REQUIREMENT
The listing is to be returned word for word, without its images.

RECORDED INFORMATION
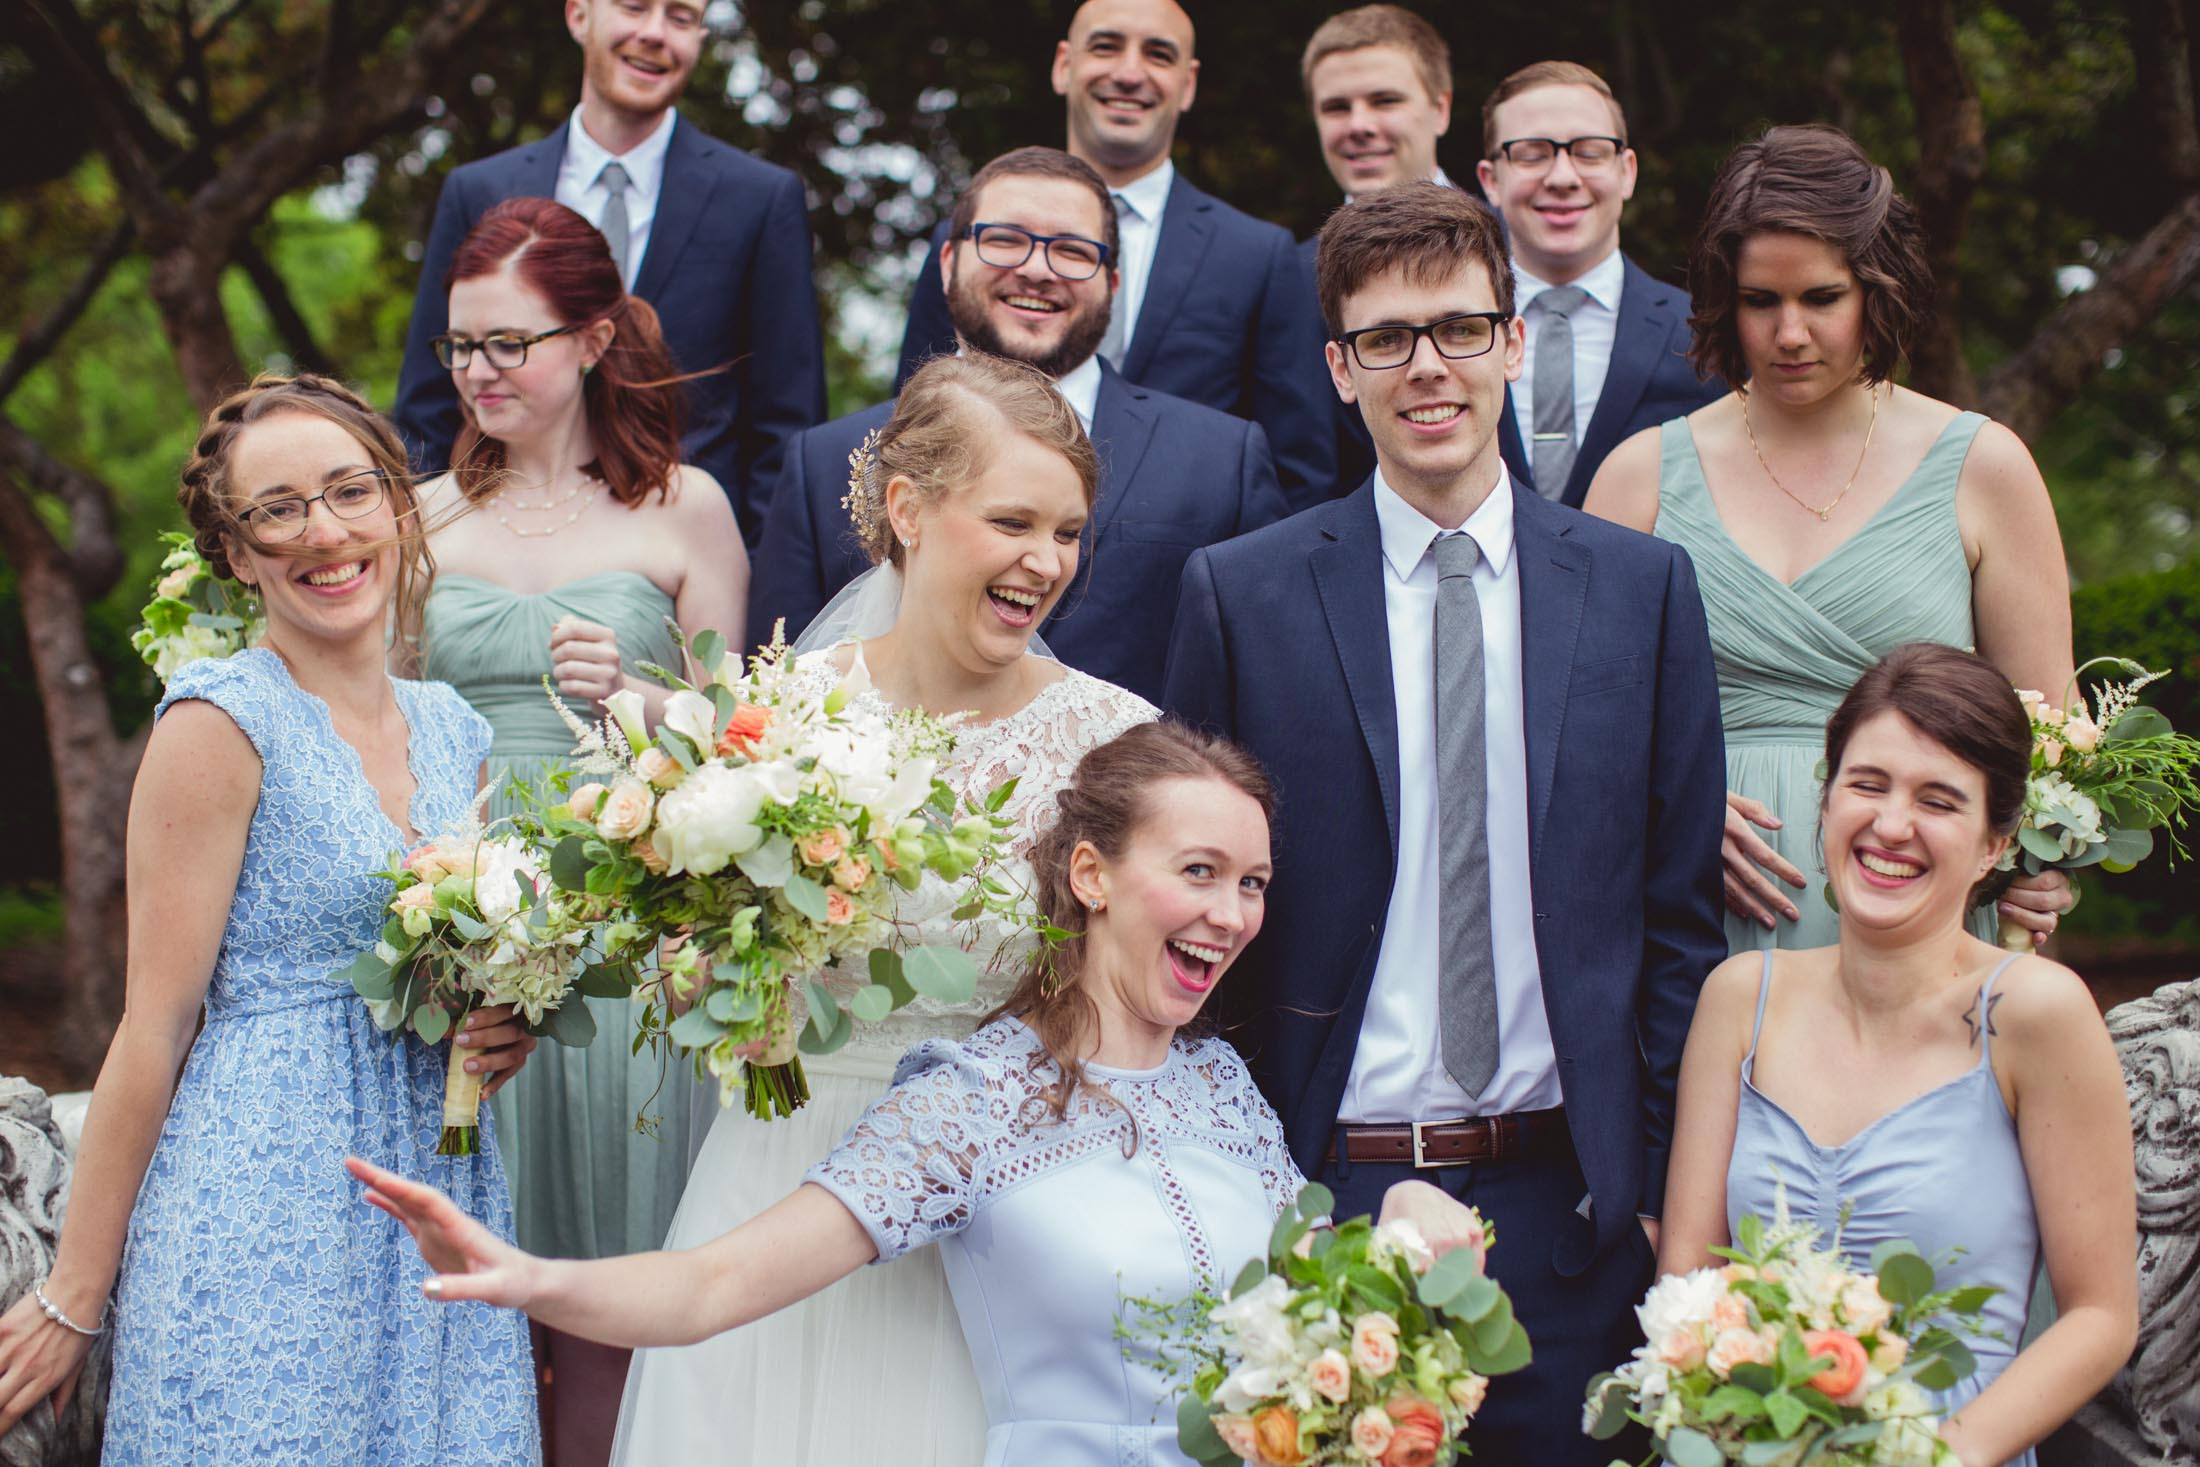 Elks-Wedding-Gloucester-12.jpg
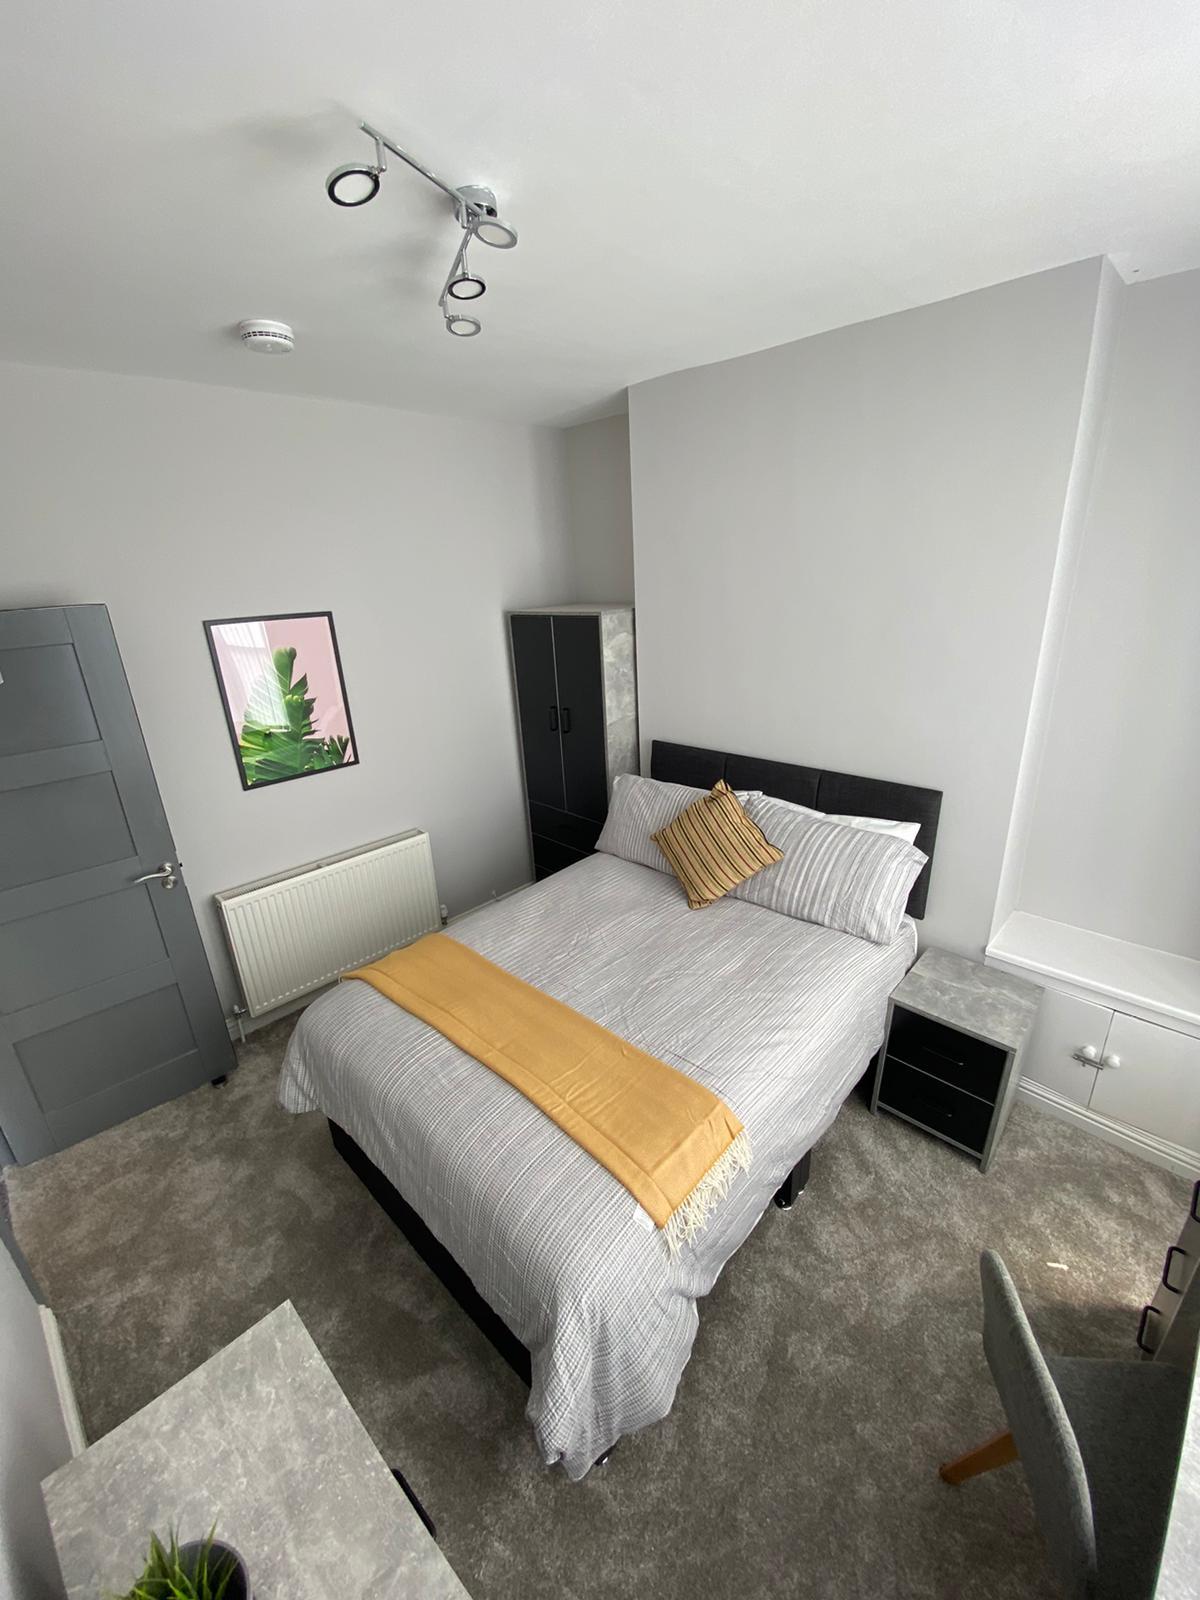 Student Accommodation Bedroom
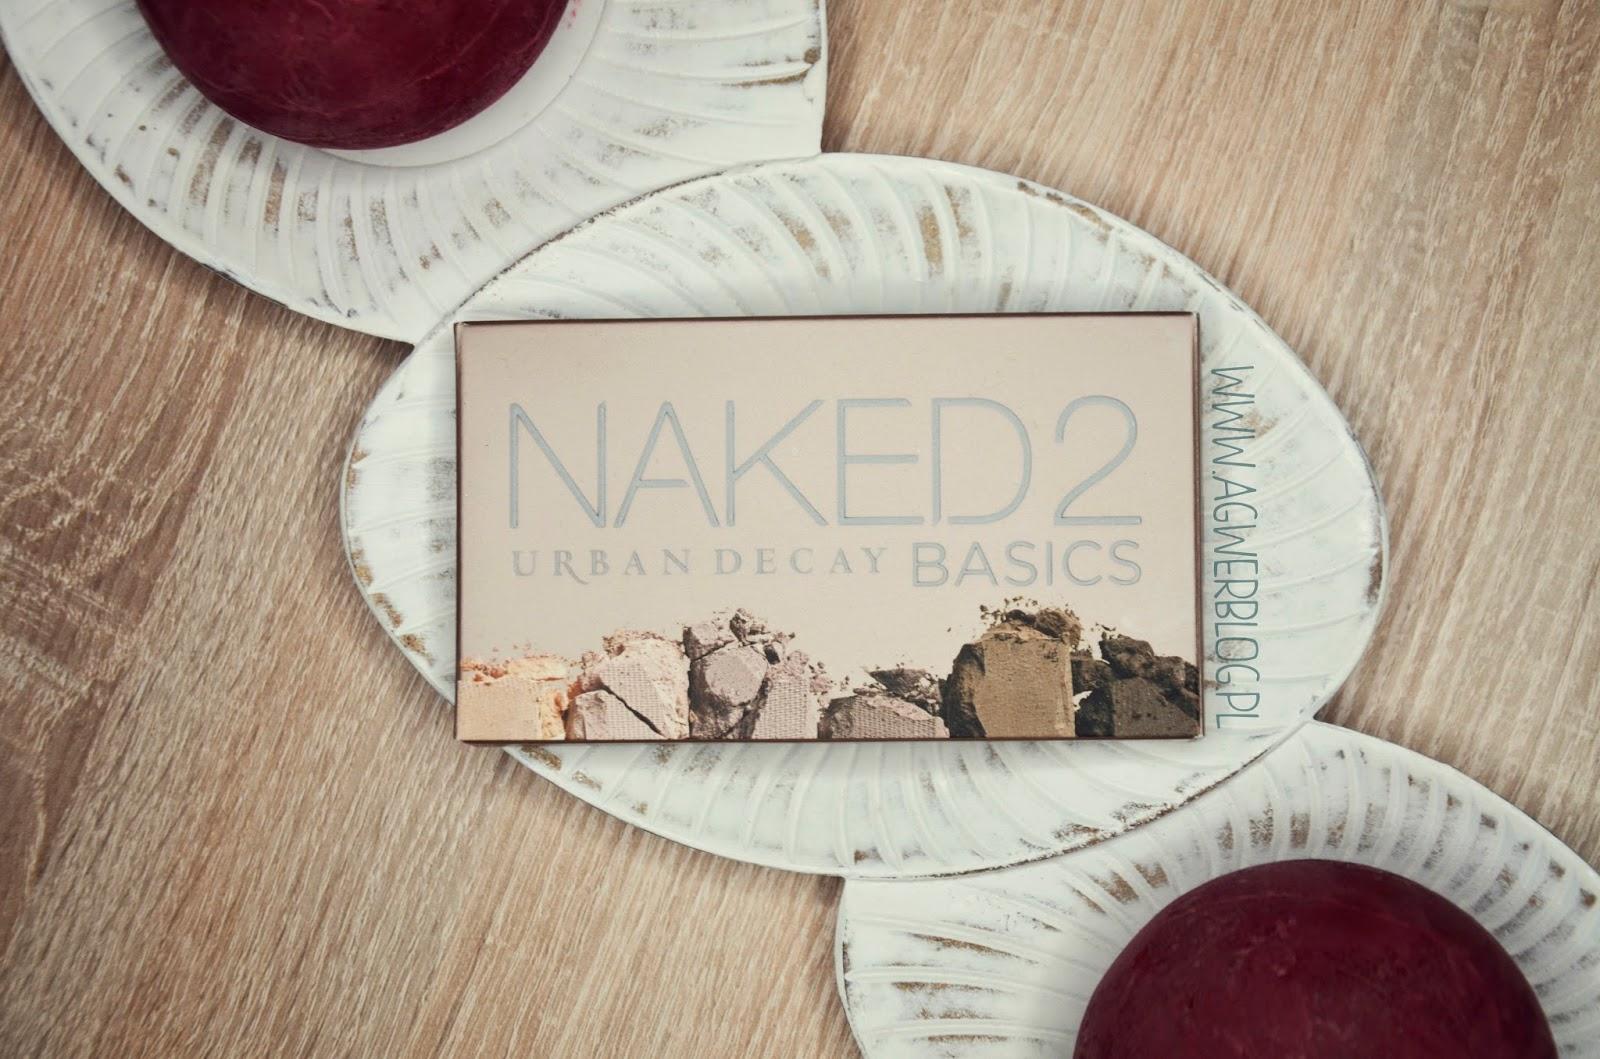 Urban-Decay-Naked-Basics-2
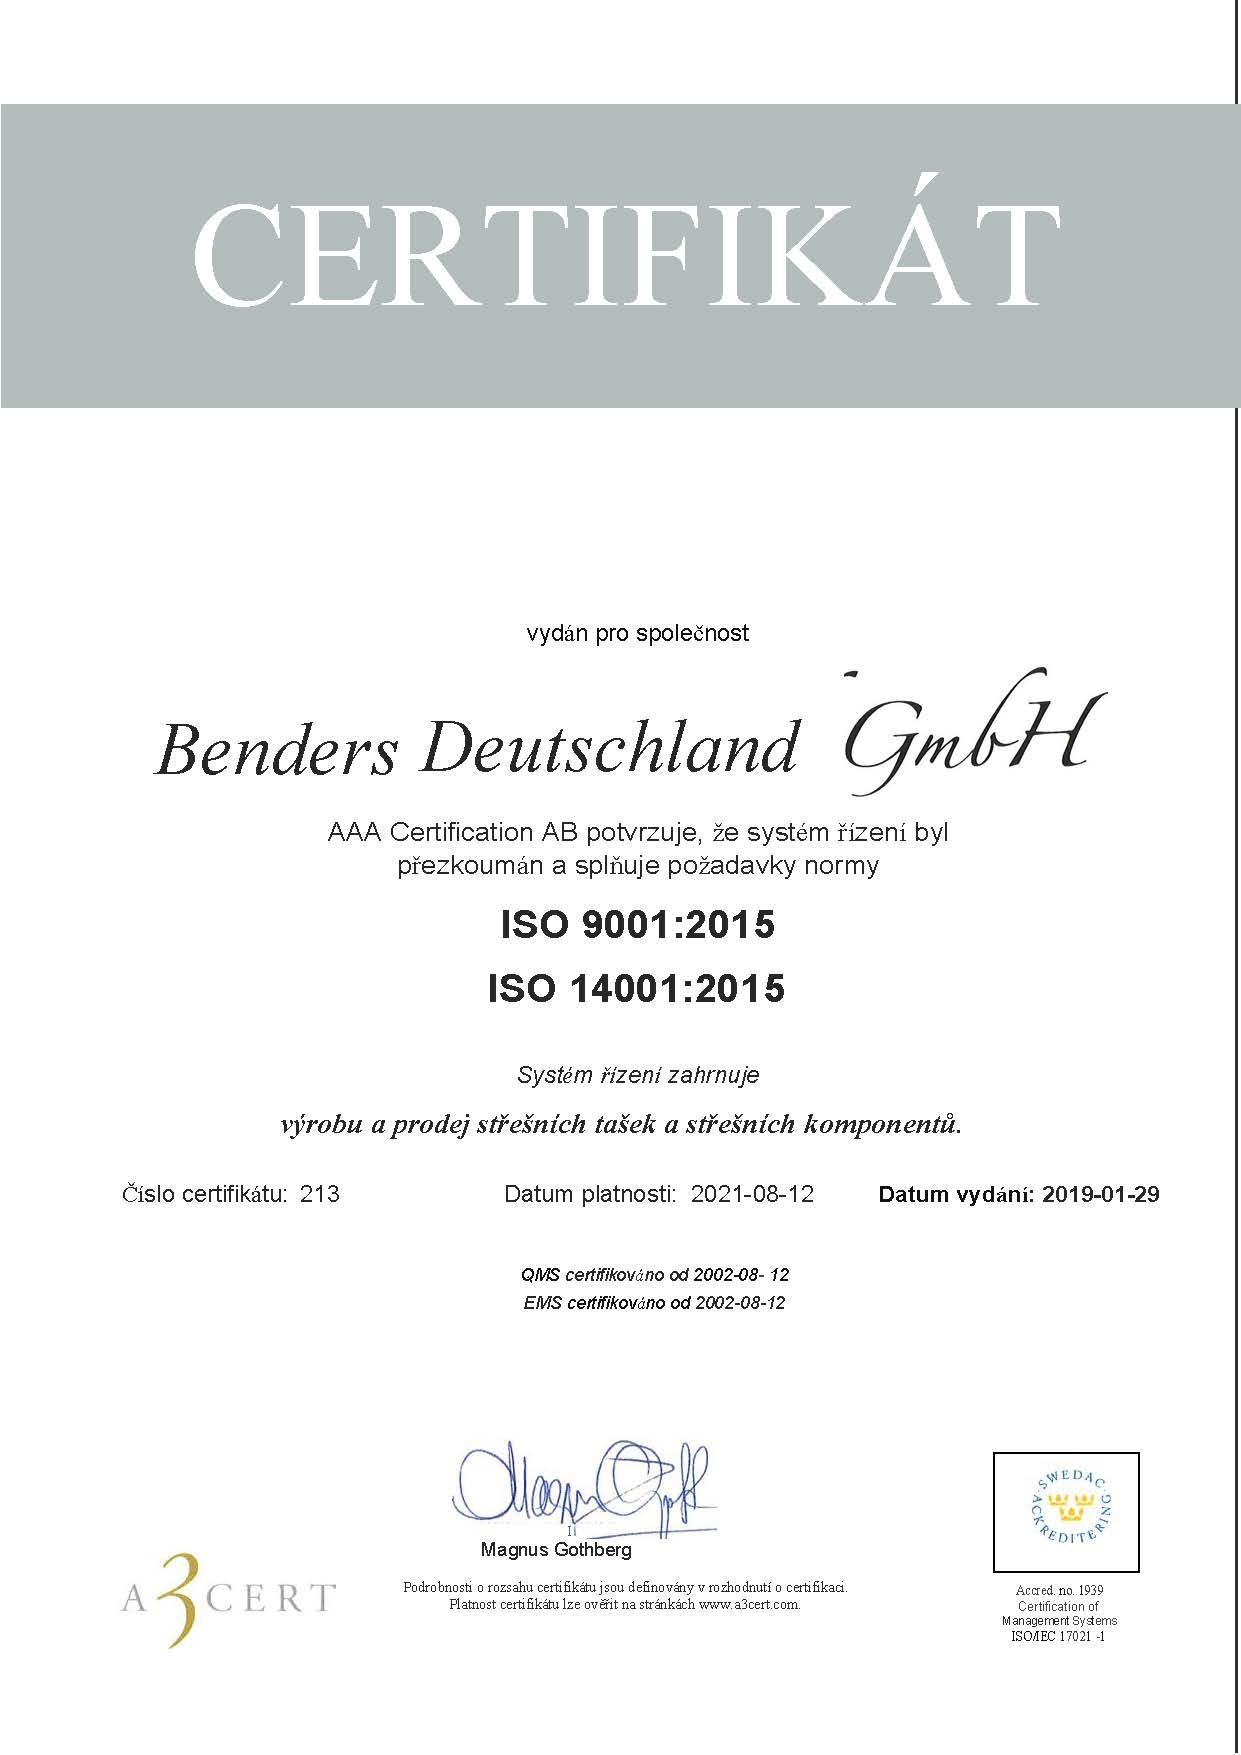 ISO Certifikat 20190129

SOLUTION BELOW
 Elks-Wedding-Gloucester-12.jpg
 Student Accommodation Bedroom
 Urban-Decay-Naked-Basics-2
 ISO Certifikat 20190129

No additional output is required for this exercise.